Following discussion our Board voted 3-2 to develop an amended interim cultivation ordinance would allow those legally operating as of October 11, 2016 at 5PM, or have a pending notice of intent to the water board, to continue to operate.  No new commercial cultivation permits will be issued until the County develops and implements a more comprehensive medical cannabis regulation. 

 

While I appreciate the intent of this direction, I voted against this decision as I felt it was unfair to those trying to become legal in our process.  I believe that if we want to pause and slow down the efforts, we should provide more notice. 

 

We are all pioneers with this topic, however I think it is important we continue the conversation.  A recent study estimates up to 20,000 new jobs and $4.2 billion in annual output in the cannabis sector if supportive local policies are implemented in the Sacramento region.
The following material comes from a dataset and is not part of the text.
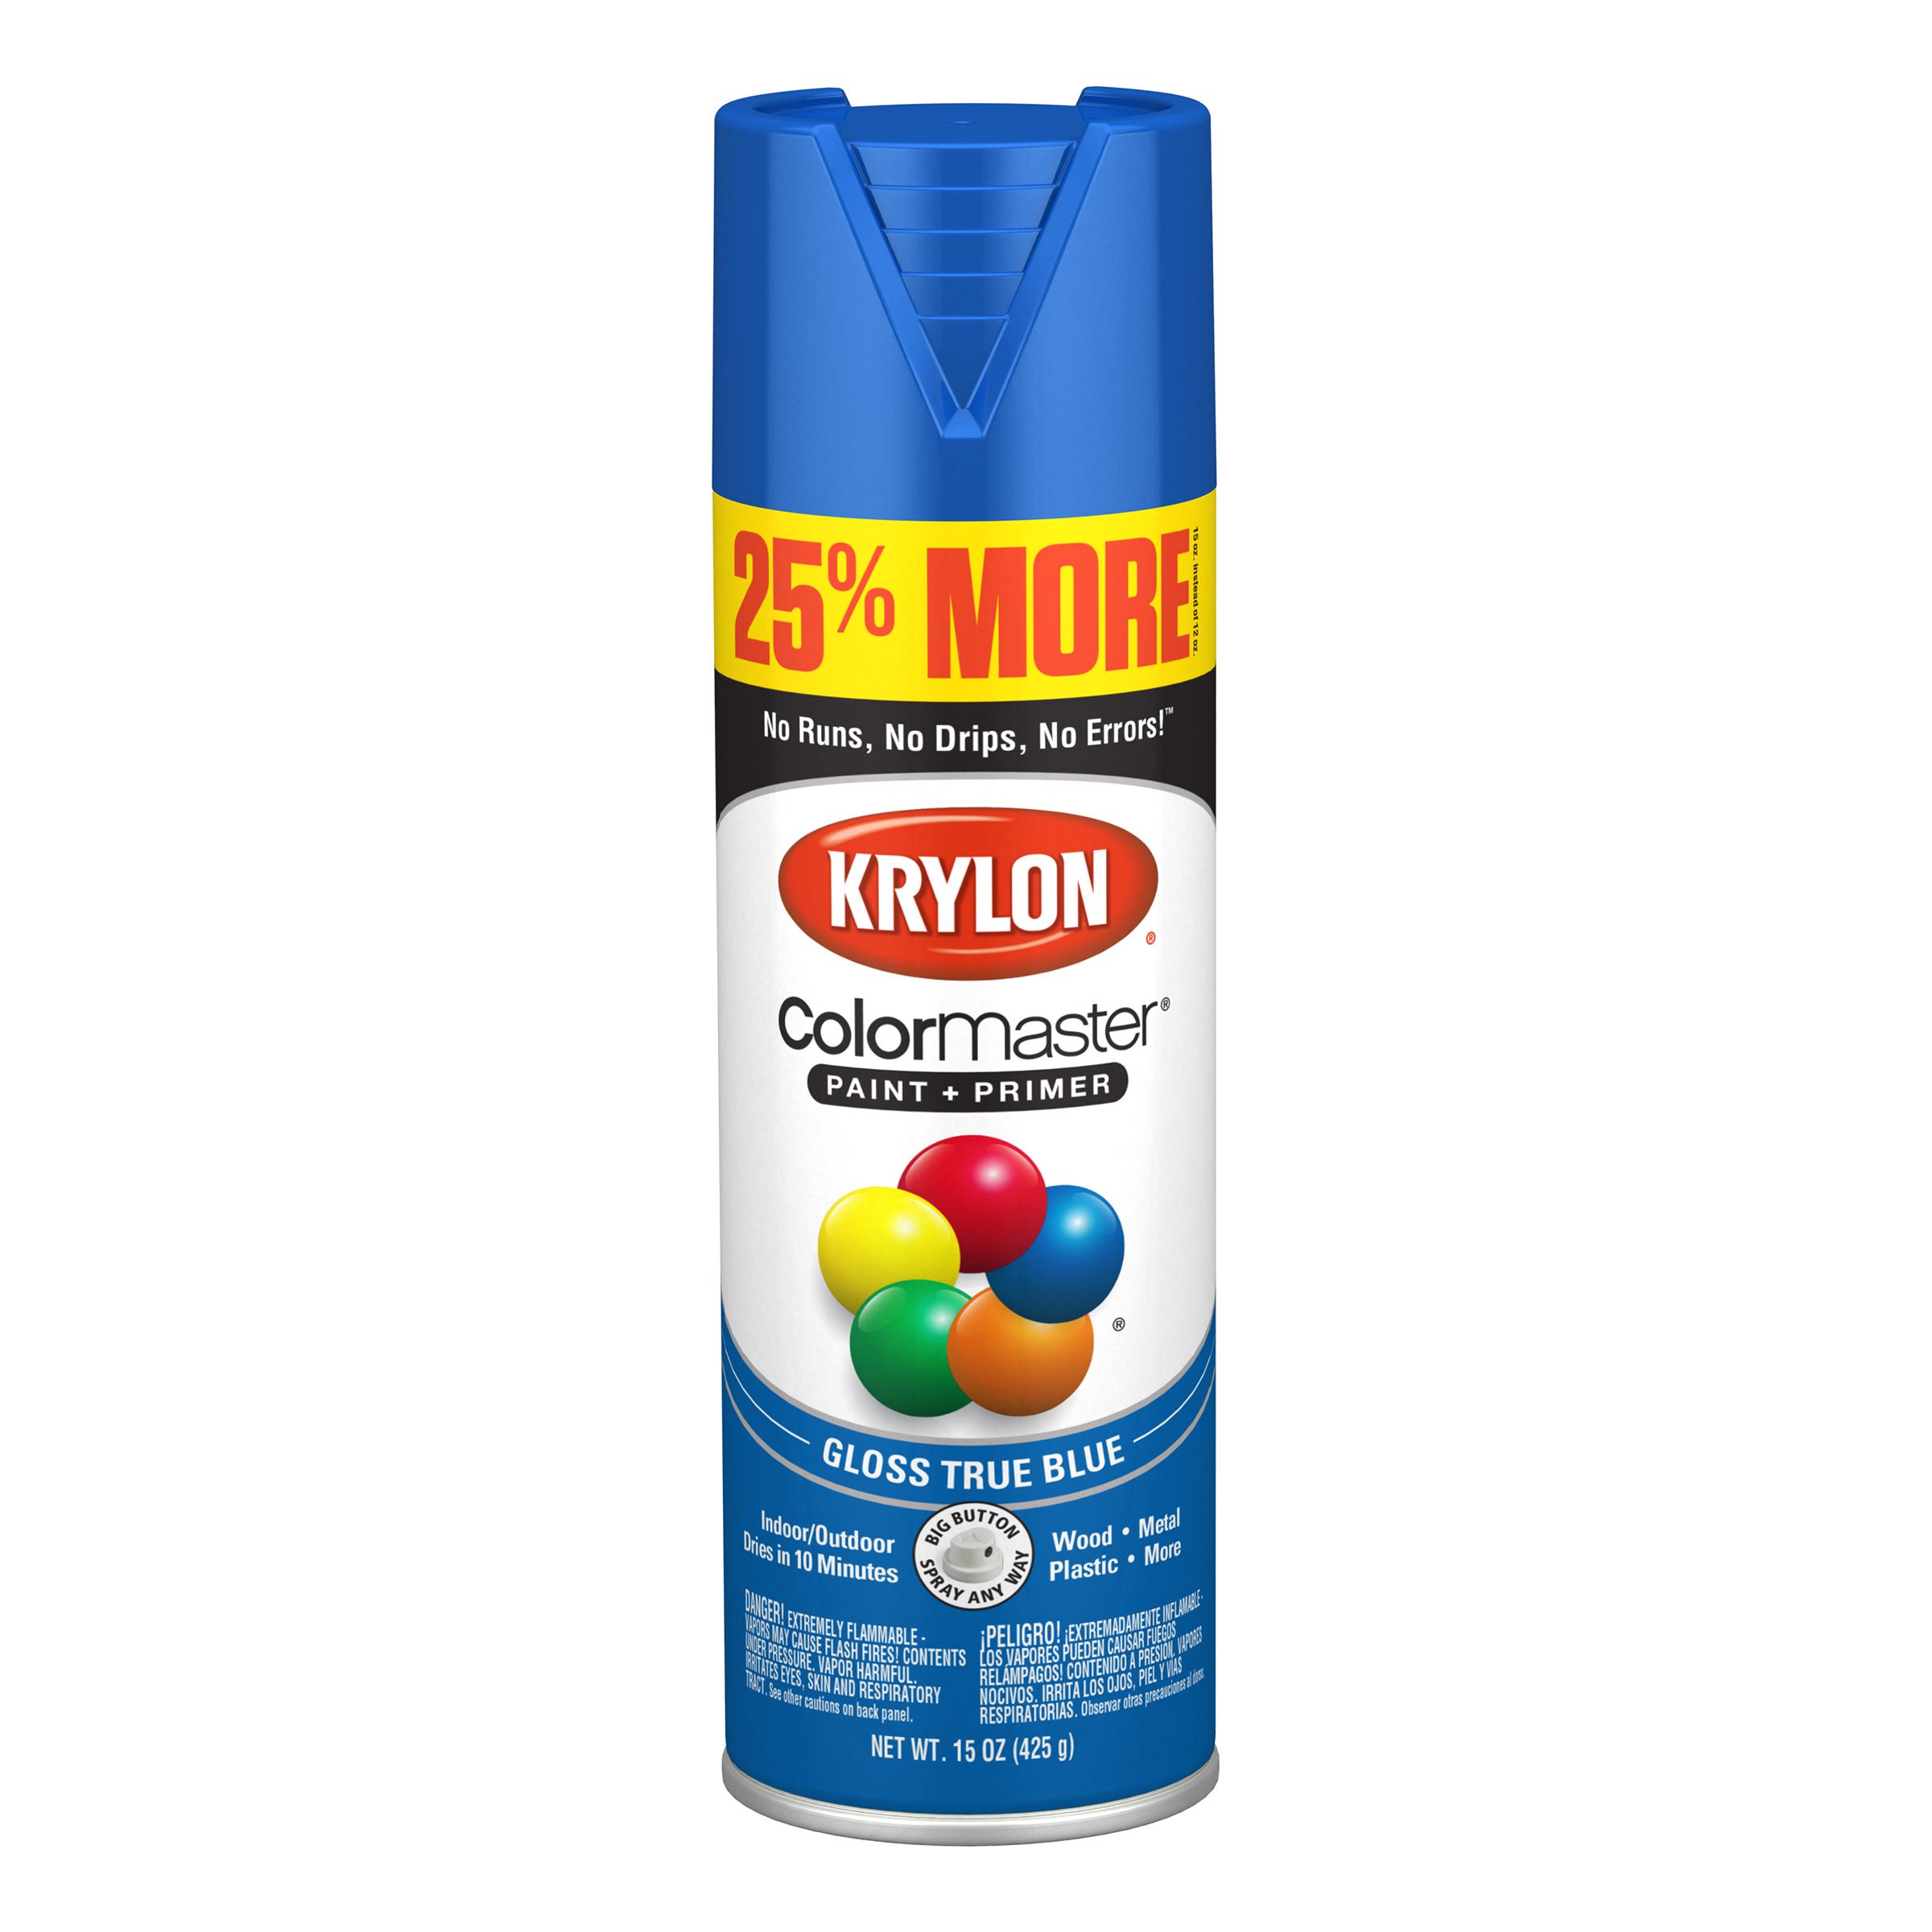 Krylon® ColorMaster Paint + Primer Gloss True Blue, 15-Oz

Proposition 64, legalizing adult use of marijuana, passed with 60.5% voter approval in Yolo County.

 

We are learning about a widespread existing industry not like other agricultural commodities.  There are issues related to farms, processing, manufacturing, product safety, access to markets, pesticide and water issues, and many other dimensions.  We have an opportunity to create the space for more research and better understand the medical aspects of cannabis.  The more of these existing operations we legally permit, the more we will be able to regulate for public safety. 

 

I look forward to our continued efforts to discern what is right for Yolo County.